# Problem to work on
Only the pictures are to be dropped; return all other data below exactly.

===== Dataset content =====

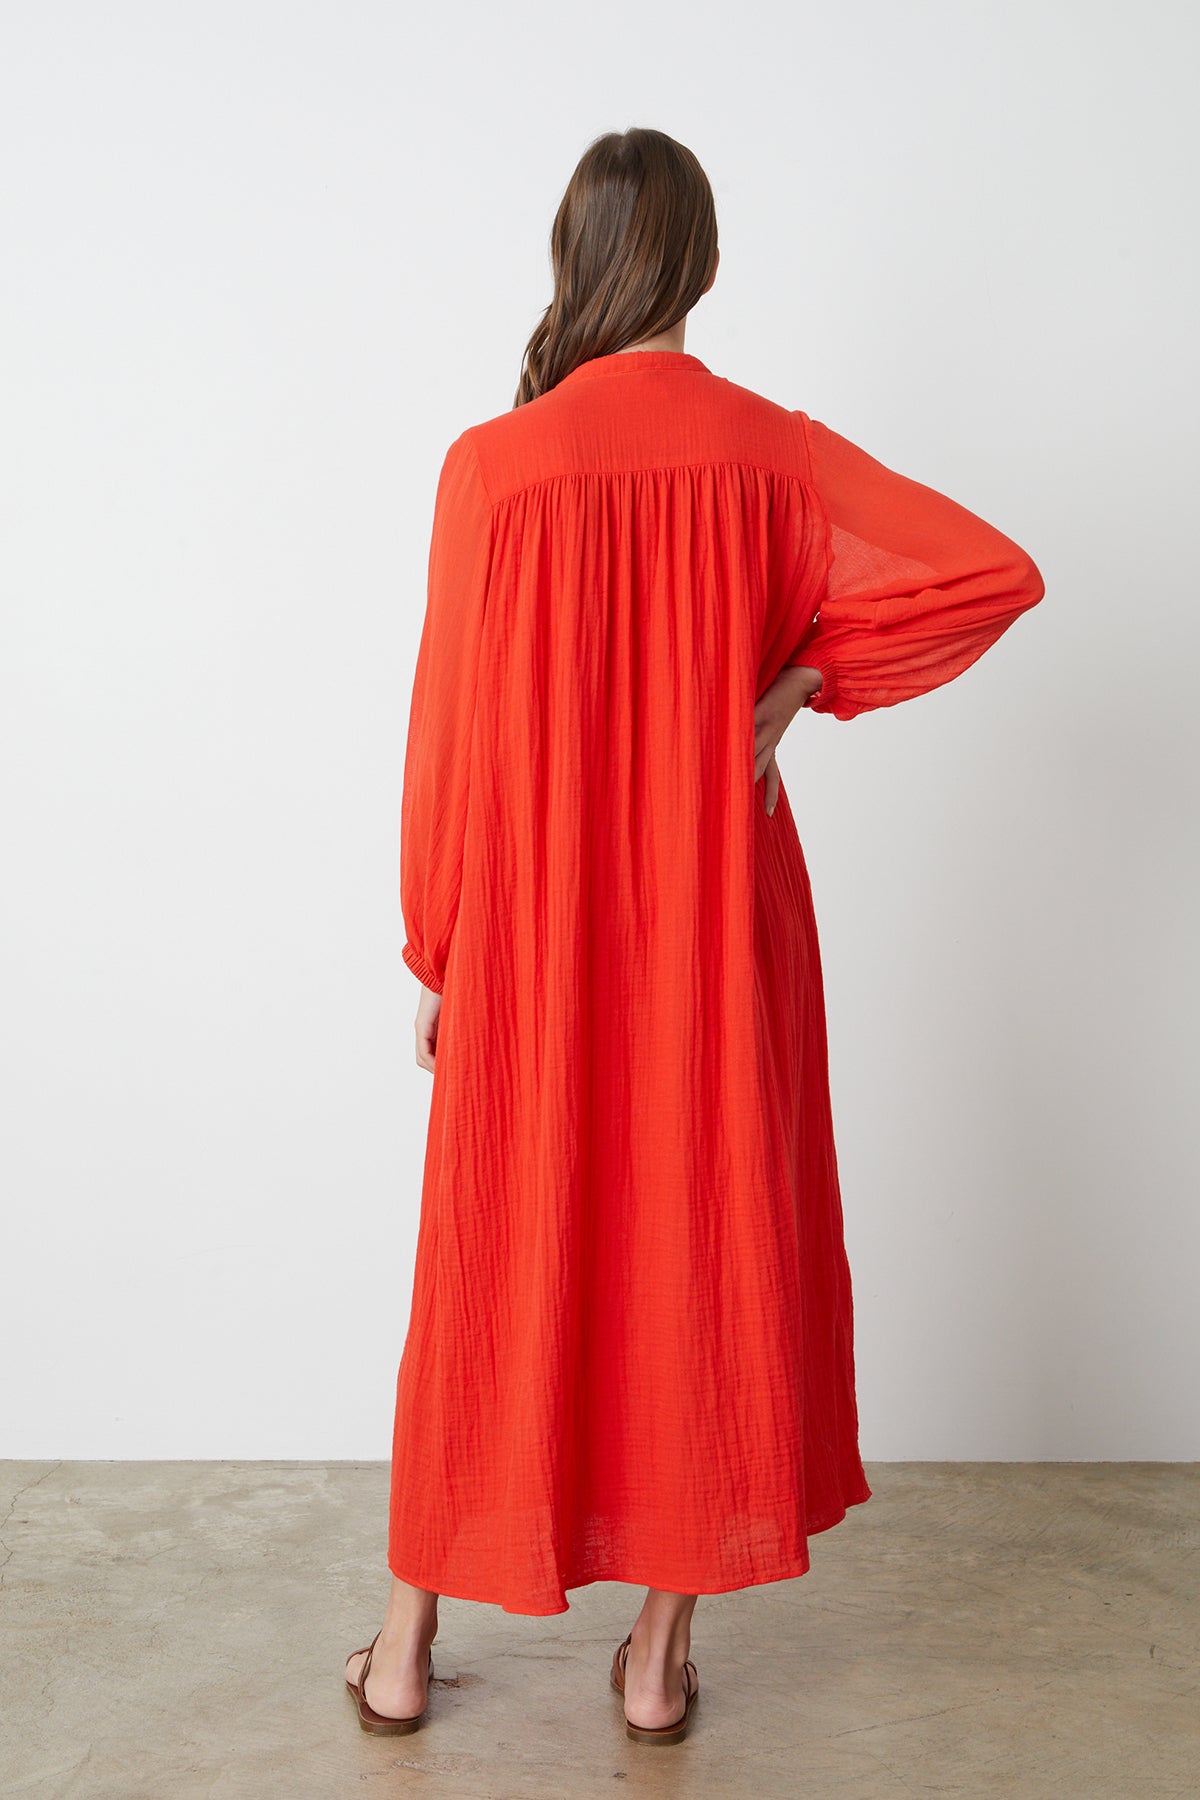   Carmella Maxi Dress in bright red cardinal color gauze full length back 
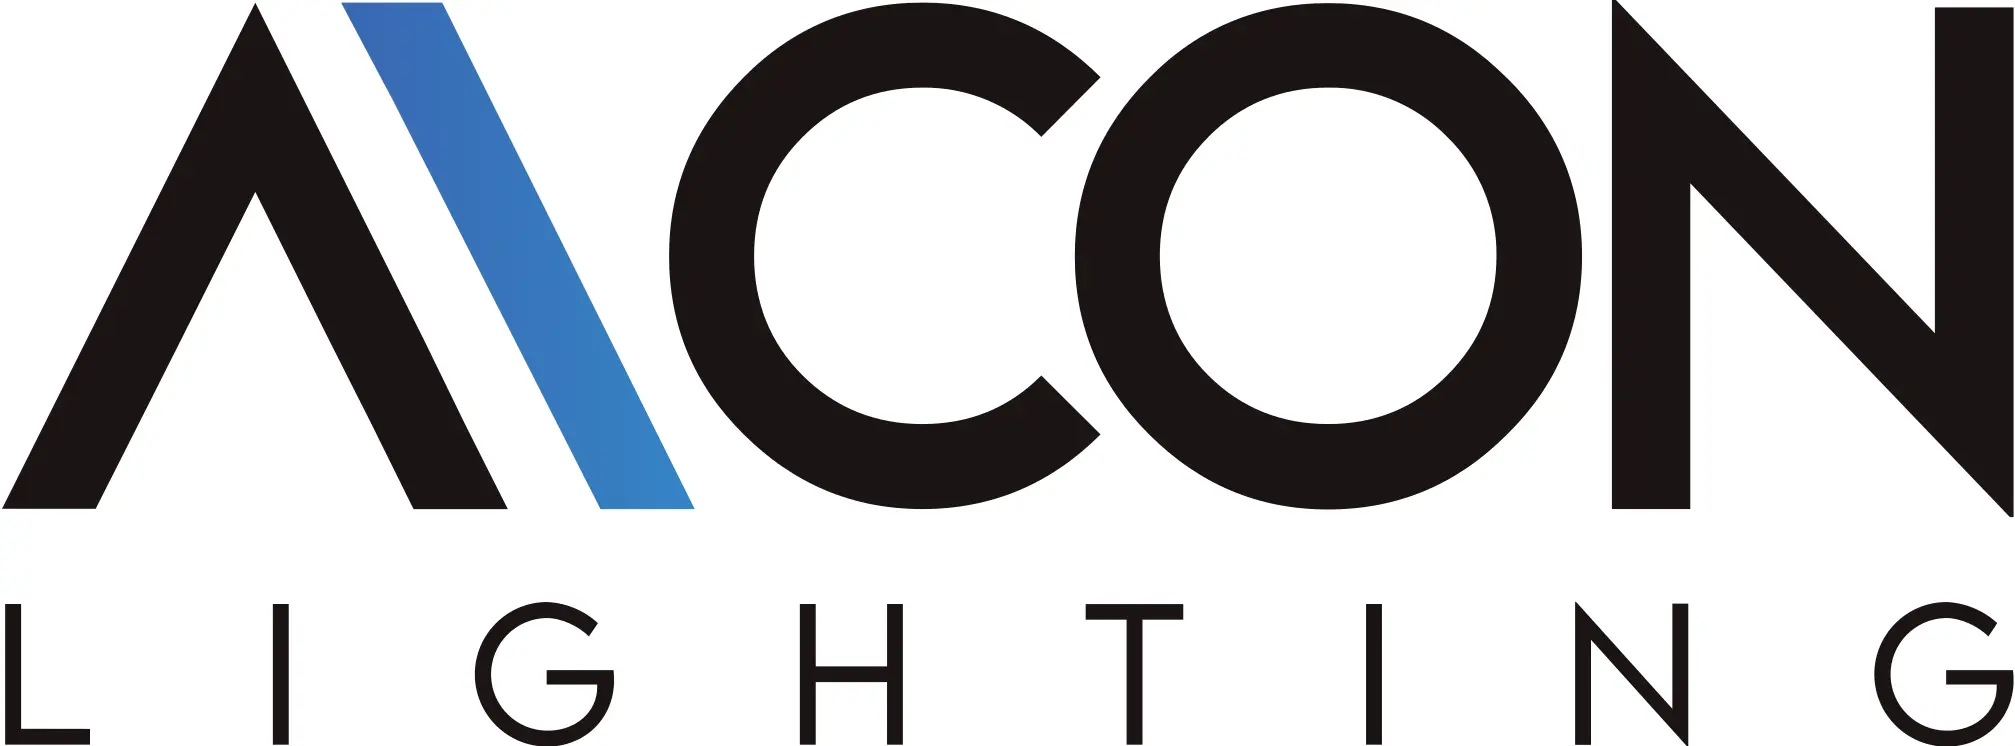 Logotipo de iluminación Alcon
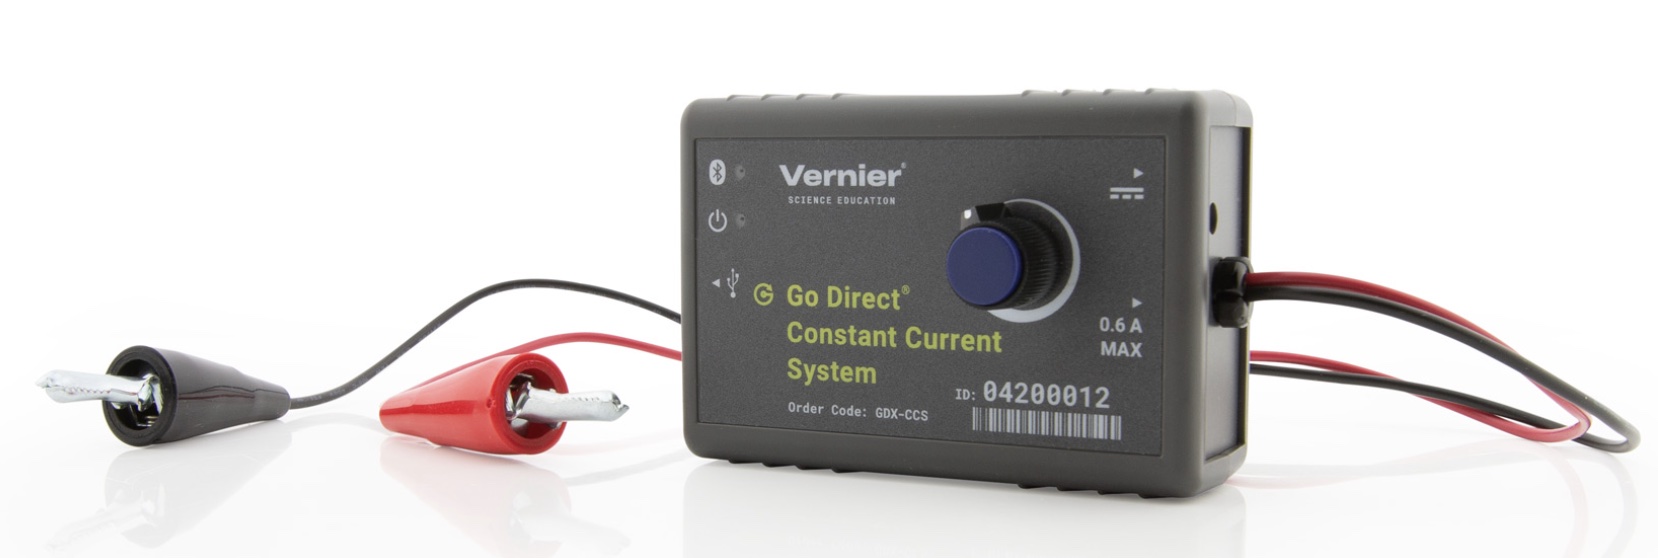 Vernier Constant Current Power Supply

=====

# Solved exercise
   Carmella Maxi Dress in bright red cardinal color gauze full length back 
 Logotipo de iluminación Alcon
 Vernier Constant Current Power Supply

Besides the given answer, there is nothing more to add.